The Tiger Mom made her adult daughters sign a contract before moving back home

A few years ago, the “Tiger Mom” took the world by storm when she released a controversial book asserting that the only way to raise successful kids is to drill-sergeant the hell out of them. Now, Amy Chua’s children are grown women, but apparently the Tiger Mom-ming doesn’t end at 18. In a recent feature in the Wall Street Journal, Chua revealed she’s making her adult daughters sign a strict contract before they’re allowed live in her apartment over summer break.

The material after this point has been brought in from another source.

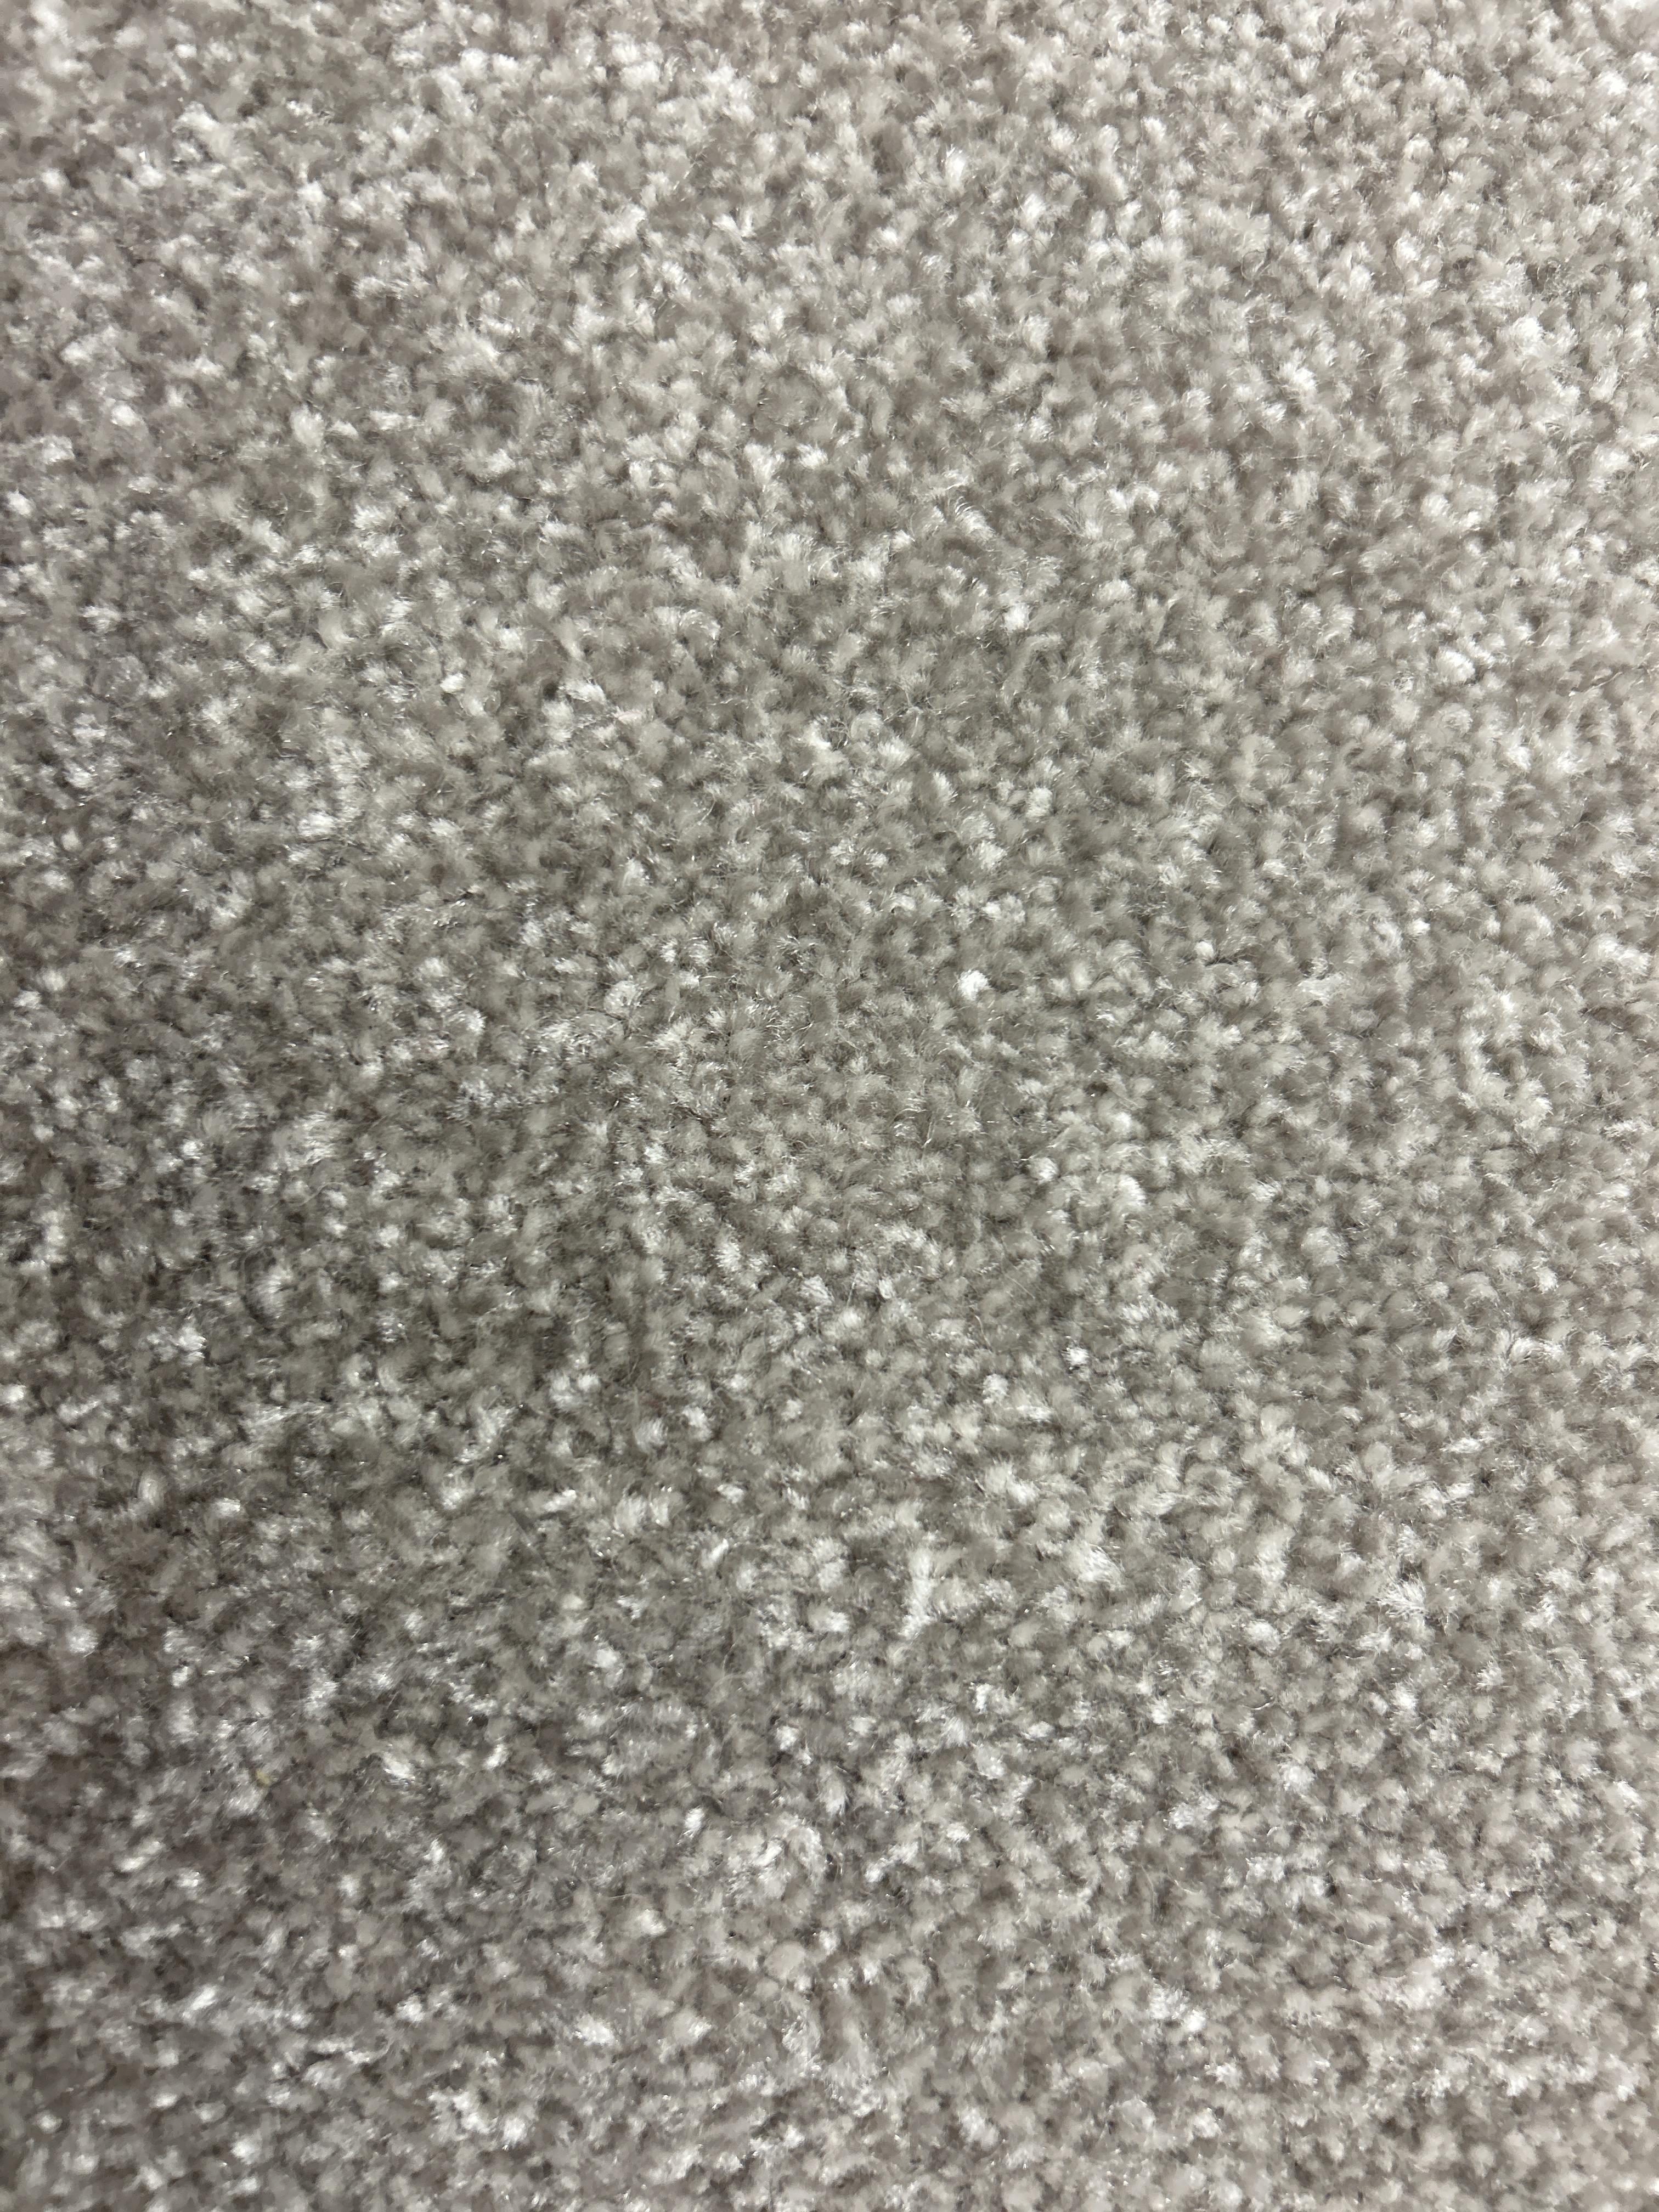 Supertwist Carpet

Chua writes that her daughters, 23-year-old Sophia and 20-year-old Lulu, are spending their summer working in New York City, and plan on staying rent-free in “the pied-à-terre that my husband, Jed, and I spent 20 years saving up for.” Fearful that her daughters might take advantage of her hospitality, the mom says she used her skills as a Yale Law School professor to draw up an iron-clad agreement that will keep them in line.

“Whereas Amy Chua and Jed Rubenfeld are the owners of Apt. [XXX] and their children are not,” the document begins. “Whereas Children owe their parents everything, even in the West, where many have conflicted feelings about this. In exchange for Amy and Jed allowing them to stay in their NYC apartment… Sophia Chua-Rubenfeld and Louisa Chua-Rubenfeld agree to the following irrevocable duties and conditions.”

Curious about the conditions? Well, they’re pretty strict. First of all, Sophia and Lulu are sharing a bedroom and a bed, which the contract states they must make every day without fighting over who does it. Other items include:

To greet Jed Rubenfeld & Amy Chua with spontaneous joy and gratitude whenever they visit.
To never, ever use the phrase, “Relax—it’s not a big deal.”
Whenever any guests visit, to come out of the bedroom immediately in a respectable state, greet the guests with enthusiasm, and sit and converse with the guests in the living room for at least 15 minutes.
To fill the refrigerator with fresh OJ from Fairway for Jed on days when he is in town.
To keep the pillows in the living room in the right place and PLUMPED and to clean the glass table with Windex whenever it is used.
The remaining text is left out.